Saturday, August 02, 2008

All Crime is Local

The most common question I hear at conferences is, “Where do you get your ideas?” Despite my stock answers (aisle 6 at Sam’s Club or www.author-ideas.com) The truth is, most crime writers work from real life crimes they see or read about in the news.

Then of coures I hear how lucky I am that my private detective, Hannibal Jones, lives in crime-ridden Washington DC. “But I live in a peaceful little town,” they say. “Where can I get ideas?”

That made me wonder about my real home in Northern Virginia, where Hannibal Jones often strays in the course of an adventure. And guess what? I live in a crime-ridden area too. A little research showed me that recently several gangs surfaced, leaving graffiti that police at first thought was just random vandalism. A girl who had been relocated to the Shanendoah Valley area for protection was murdered by a group called the Mara Salvatrucha, or MS-13. Police say this Latino based gang is following the growth of drug use in small towns. Then I read that groups of farmers banded together to fight their growing influence and to maintain the peace of their rural life. Is there a novel hidden in there someplace? You betcha!

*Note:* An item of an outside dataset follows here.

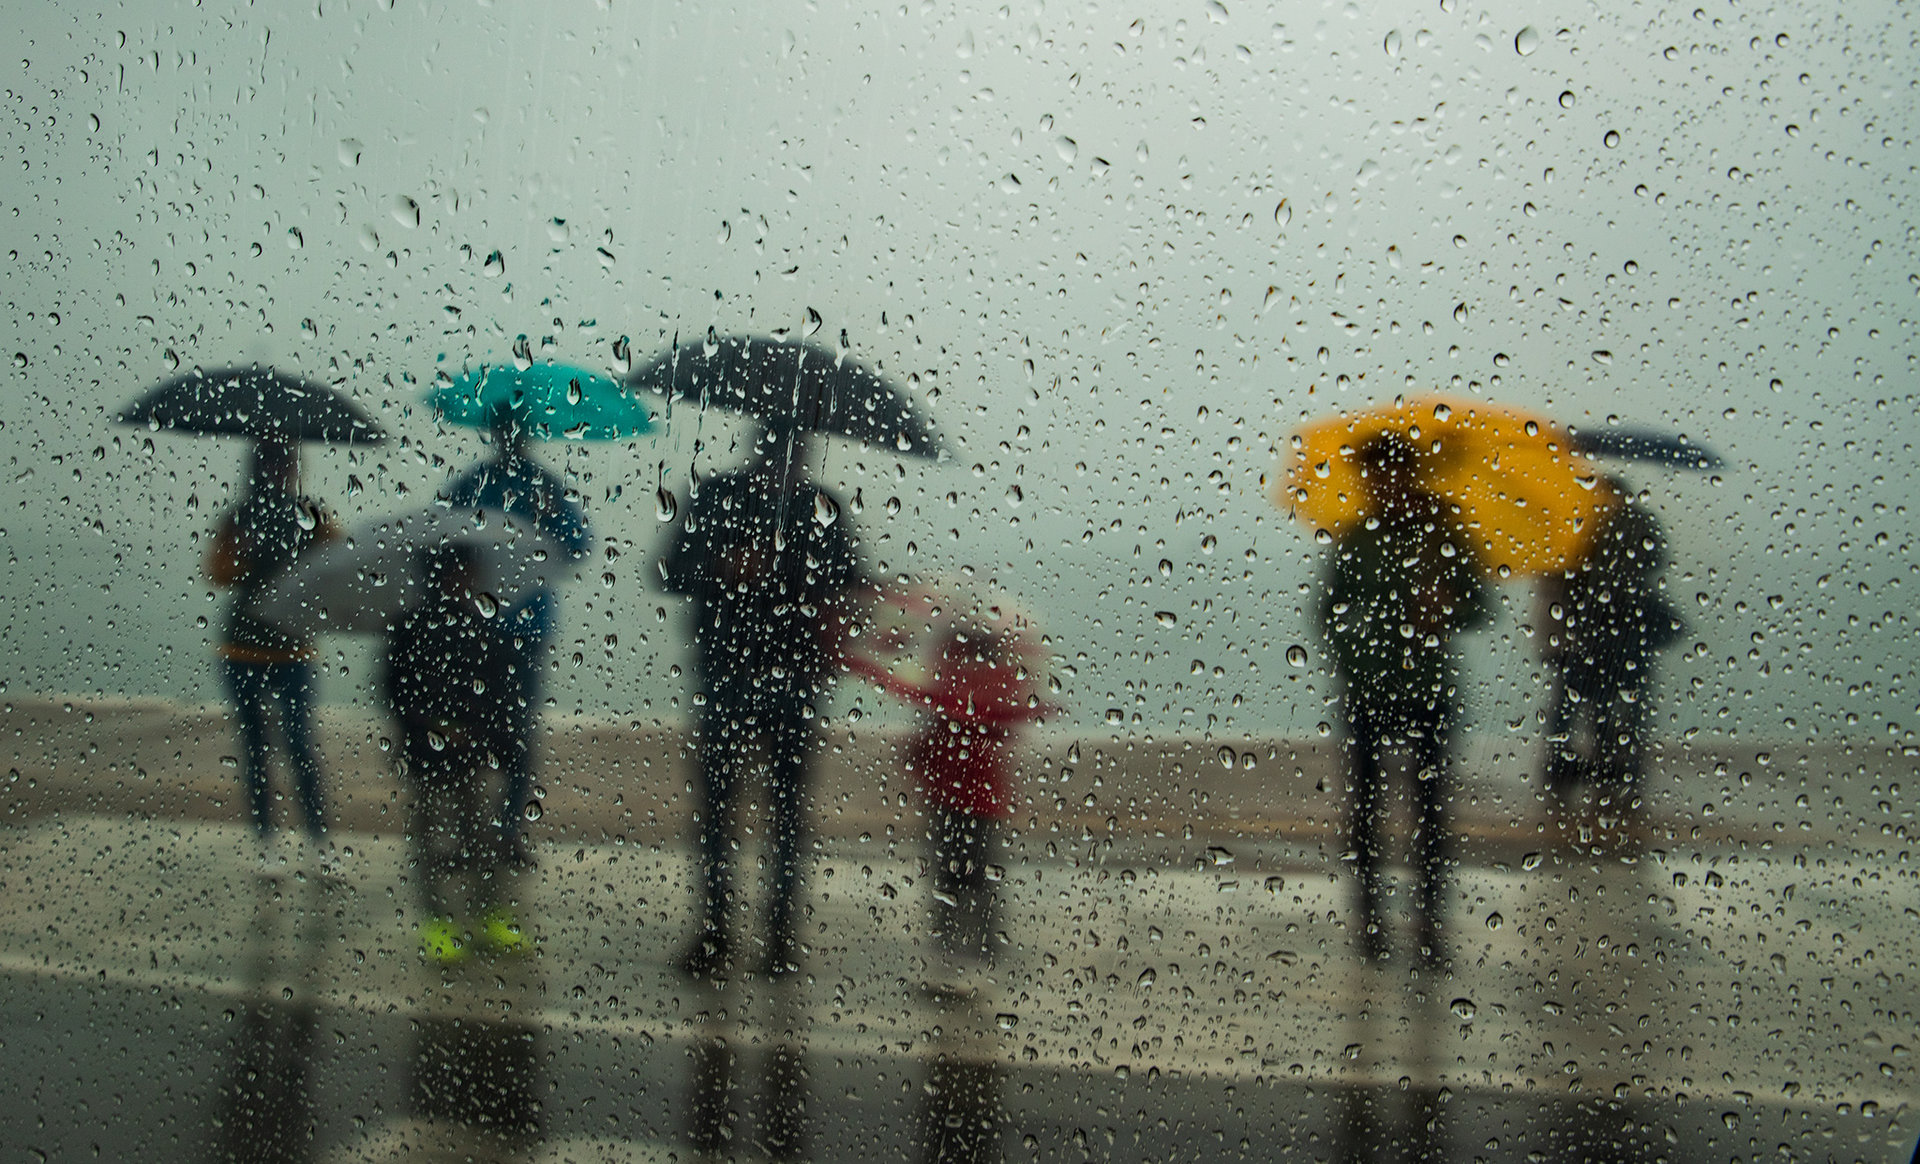 Колорит в дъжда | Author TEODORA IVANOVA - dorascal18 | PHOTO FORUM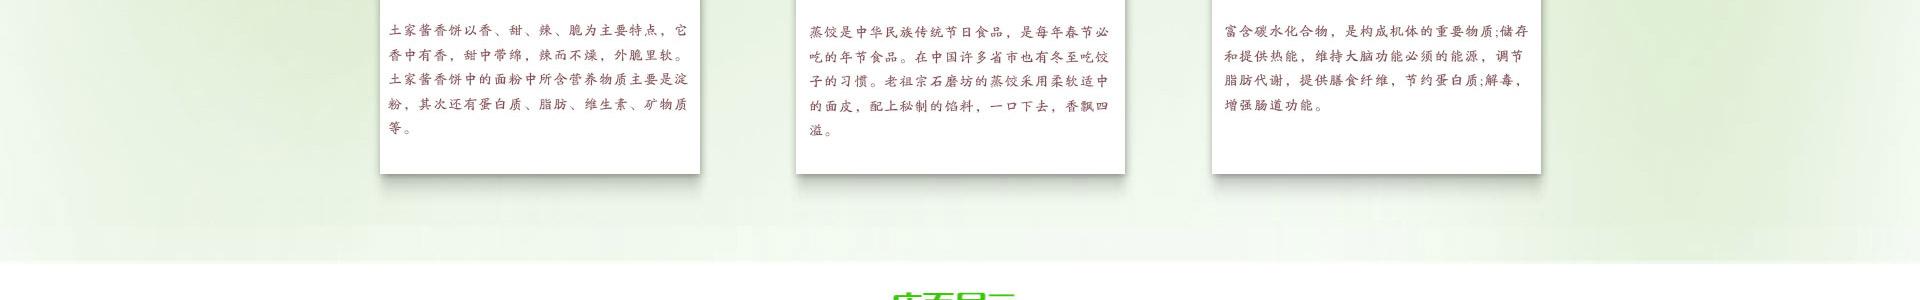 老祖宗石磨坊laozuzong_07

There’s an FBI taskforce now because several people have been brutally murdered in Northern Virginia. Newsweek called MS-13 ...the fastest-growing, most violent and least understood of the nation’s street gangs.”

So shootings, burglaries and drug use plague my area, and it’s certainly more pronounced than it was five years ago. Maybe it’s not more important than in Washington DC, but in an area proud of its rural heritage and peaceful lifestyle it sure can destroy peoples’ peace of mind. And THAT sounds like the theme for a series of novels. And consider these news clips I found on the “Hello, Alexandria” website:

Sat, 26 Jul 2008 06:50:54 GMT - SF Man Gets 23 Years For Trafficking Cocaine (CBS 5 Bay Area)A 34-year-old San Francisco man was sentenced in Eastern District of Virginia court Friday to 23 years in prison on cocaine trafficking and tax evasion charges in Alexandria, Virginia.

Hmmm... How’d he end up here?

Chinese national sentenced for aiding spy (The Post-Standard) Fri, 01 Aug 2008 14:42:16 GMTALEXANDRIA, Va. (AP) — A woman who helped a Chinese spy obtain U.S. military secrets has been sentenced in Virginia to a year and a half in prison. Thirty-three-year old Yu Xin Kang is a Chinese national who had been living in New Orleans with furniture salesman Tai Shen Kuo.


Wow! I don’t have time to write all the story ideas that came into my head when I read those, so you can have them. But then, I bet there's a similar web site in your community. The point is, crime is everywhere, and so are great ideas for crime stories. Plug into your local reality and write one!